In order to determine the correctness of the results of the MR Analysis, we performed a series of sensitivity analyses. The sensitivity analysis results were generally robust; however, the reliability of the causal relationship between usual walking pace and hypothyroidism remains uncertain. In short, except for the analysis of the usual walking pace and hypothyroidism risk, the results of Cochran’s Q test, MR-Egger intercept test and MR-PRESSO all showed that P > 0.05. The Leave-one-out analysis results showed that the causal estimation is not driven by any single SNP, and the funnel plot is also symmetric. The results of the leave-one-out method and funnel plots are shown in Supplementary Figures 3 and 4, and the results of Cochran’s Q test, MR-Egger intercept test, and MR-PRESSO are shown in Supplementary Table 6. In conclusion, these results corroborated that hypothyroidism increases the risk of pneumonia and that improving usual walking pace effectively reduces pneumonia risk. However, further studies are needed to elucidate the relationship between usual walking pace and hypothyroidism.

The Sample Overlap Rate Had No Significant Effect on the Conclusion

To explore the effect of sample overlap rate on MR Results, we analyzed the probability of type I errors with a sample overlap rate of 100%. Since previous studies have not explored the possible odds ratios between walking speed and pneumonia or hypothyroidism, we assumed the OR for potential protective factors to be 0.3 or 0.9, and the OR for potential risk factors to be 1.1 or 3.0. Under these circumstances, the probability of committing a Type I error in each analysis result is around 0.05, even at a sample overlap rate of 100%, suggesting that the relevant conclusions may not be affected by the sample overlap rate, as shown in Supplementary Table 7.

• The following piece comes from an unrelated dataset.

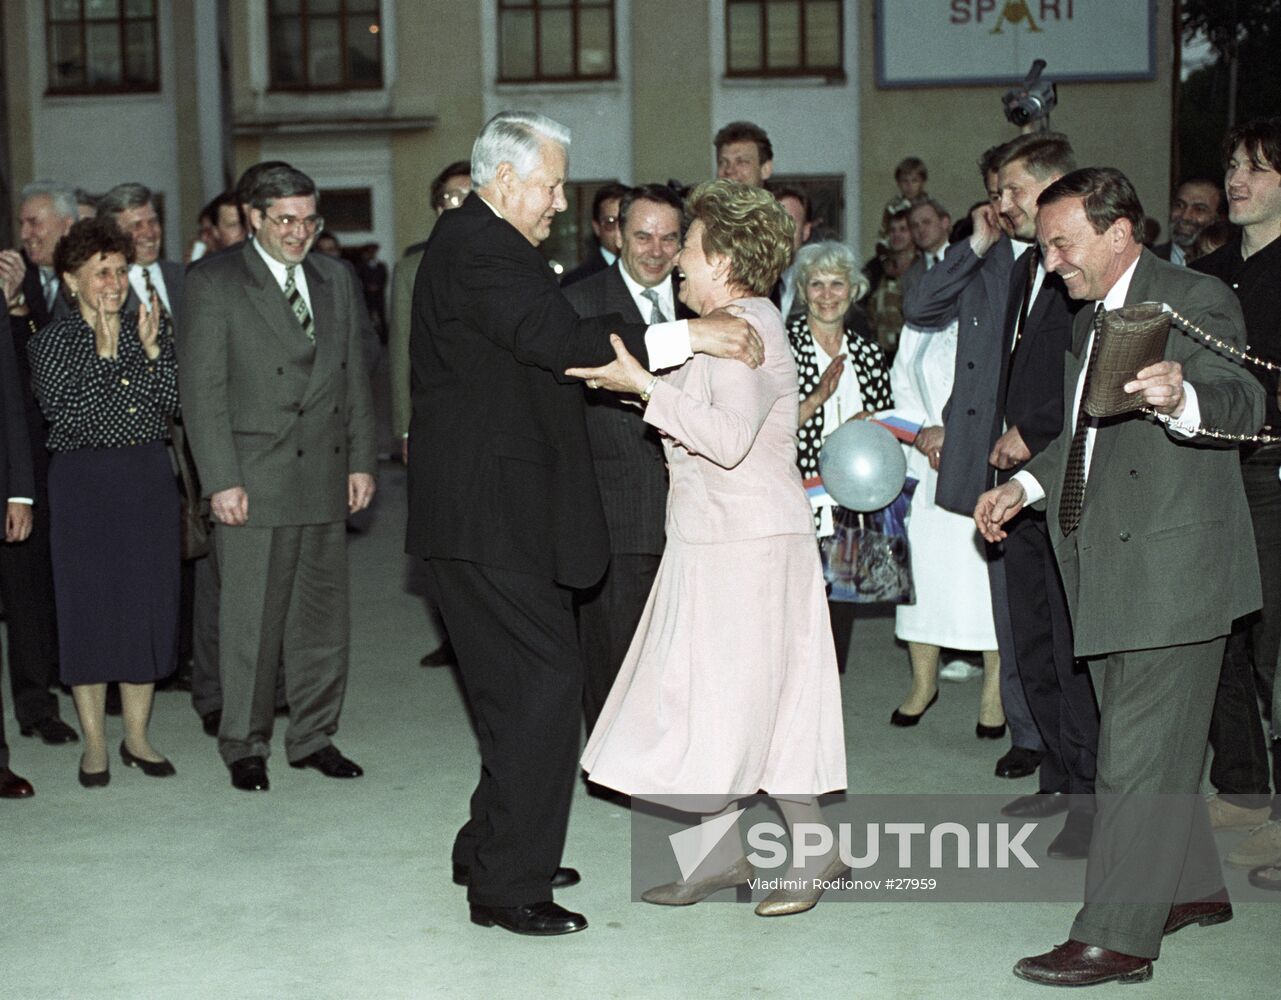 YELTSIN WIFE DANCE MEETING NOVOSIBIRSK

Potential Drugs and Mechanisms Underlying Hypothyroidism Induced Pneumonia

Potential Mechanisms by Which Hypothyroidism Increases the Risk of Pneumonia

In order to explore the potential mechanism by which hypothyroidism increases the risk of pneumonia, we analyzed the intersection genes of hypothyroidism and pneumonia. The Genecards and DisGeNET databases contain 5,259 and 613 genes associated with hypothyroidism, and 6,620 and 1,032 genes associated with pneumonia, respectively. A total of 108 genes are present in all four gene sets, as shown in Figure 4a. GO enrichment results (Figure 4b) showed that T cell activation and regulation of cell–cell adhesion are significantly enriched in BP. Cytoplasmic vesicle lumen and vesicle lumen structures are significantly enriched in CC, receptor ligand activity and signaling receptor activator activity are significantly enriched in MF. In addition, KEGG enrichment results (Figure 4c) showed that the intersection genes of hypothyroidism and pneumonia were significantly enriched in Th17 cell differentiation and JAK-STAT signaling pathway. These results revealed potential mechanisms by which hypothyroidism increases the risk of pneumonia.

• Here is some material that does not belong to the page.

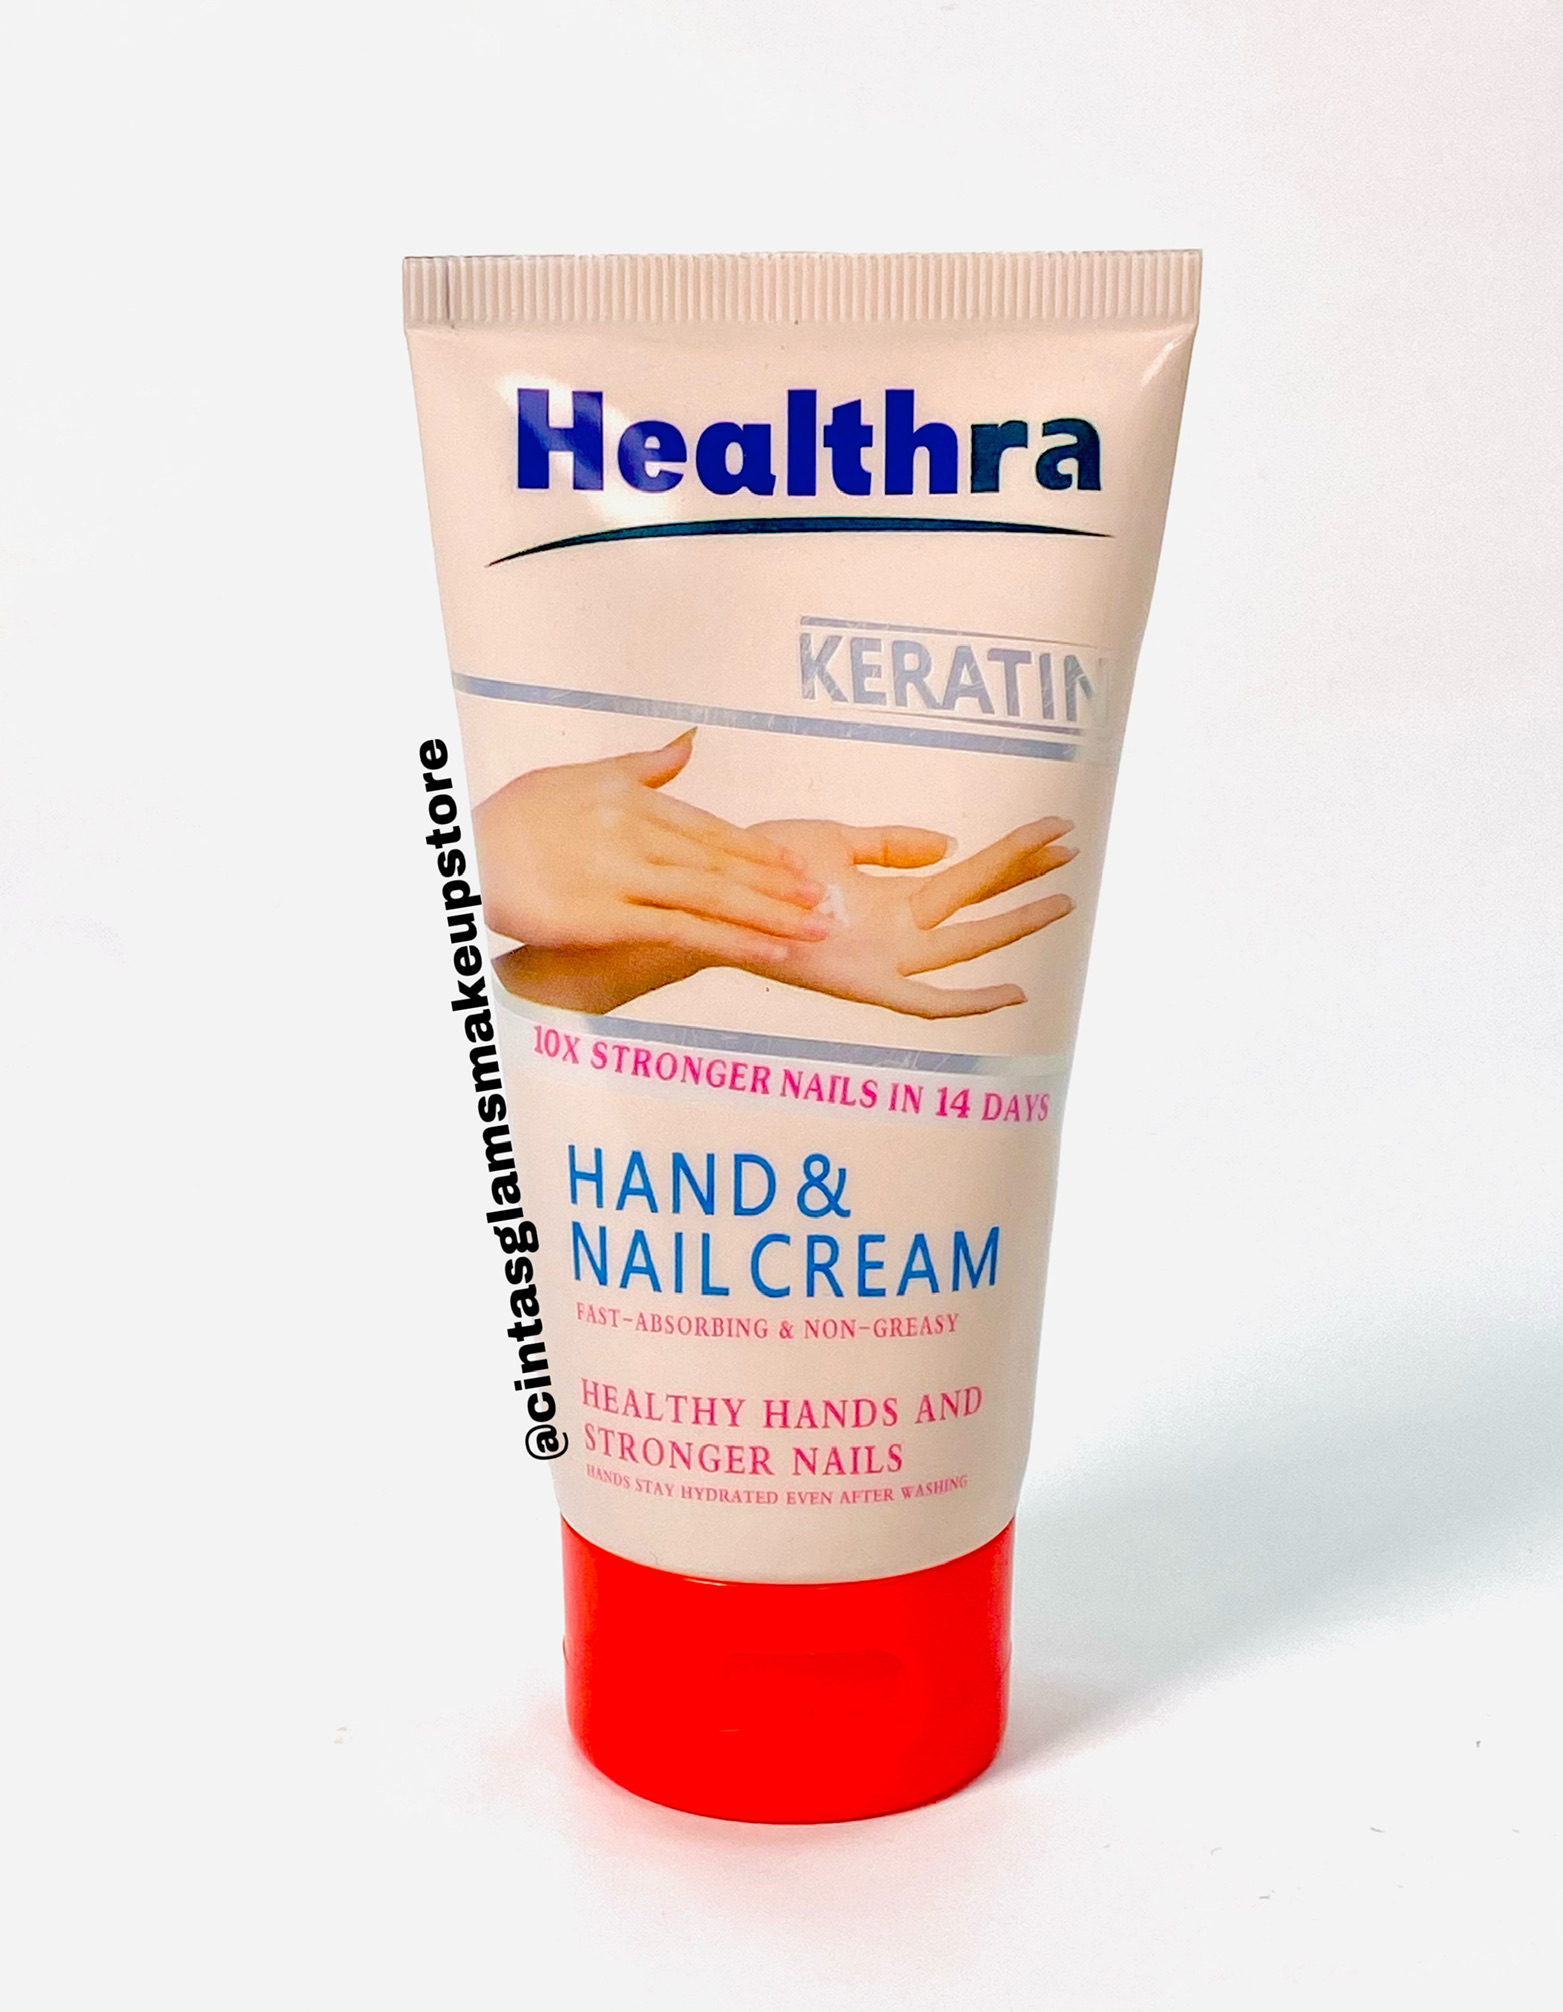 Healthra Keratin Hand and Nail Cream

Figure 4 The results of potential mechanism analysis. (a) Intersection gene of hypothyroidism and pneumonia; (b) GO enrichment results of the intersection gene between hypothyroidism and pneumonia. (c) KEGG enrichment results of the intersection gene between hypothyroidism and pneumonia (d) The PPI network of intersection gene; (e) 24 hub genes; (f) Potential drugs; (g) Safety assessment of Garcinol; (h) Safety assessment of Tepoxalin (i). Effectiveness of Garcinol. * represents P < 0. 05, *** represents P < 0. 001. (j). Gaicinol and site 1 of STAT1 domain 2 have good docking efficiency. (k). Gaicinol and site 1 of STAT1 domain 2 have good docking efficiency. (l). LPS increases the level of STAT1 phosphorylation of BEAS-2B, and garcinol can reduce this effect.

Potential Drugs for Pneumonia Treatment

In order to improve the accuracy of drug screening, we first analyzed the core genes between hypothyroidism and pneumonia. The PPI network visualized using the STRING database is shown in Figure 4d. After considering Degree and Betweenness, a total of 24 key targets were identified (such as CXCL10, AKT1, IL10, STAT1 and IL6), as shown in Figure 4e.

To further confirm the potential drugs for pneumonia treatment, we then analysed 1,164 potential drugs from the DGIdb database and 6,741 from the DSigDB database. After excluding data with an interaction score less than 2 from the DGIdb database, we identified 58 potential drugs by using the above 24 hub genes. Subsequently, by intersecting with the drugs from the DSigDB, we obtained three potential drugs, including 1,4-dichlorobenzene, tepoxalin, and garcinol. The VENN diagram is shown in Figure 4f. The potential targets for these three substances are CASP3, IL4, and STAT1, respectively.

To further explore the potential effects of the above three drugs on pneumonia, 10 µg/mL lipopolysaccharide (LPS) were treated to Beas-2b with for 24 hours to establish a pneumonia model. Because 1,4-dichlorobenzene is a pollutant, we did not analyze its potential in treating pneumonia. Subsequently, the cells were cultured with a certain concentration of potential drugs for an additional 24 hours. In addition, to explore whether drugs have a preventive effect on LPS-induced pneumonia, we added LPS and drugs to the culture medium for 24 hours at the same time.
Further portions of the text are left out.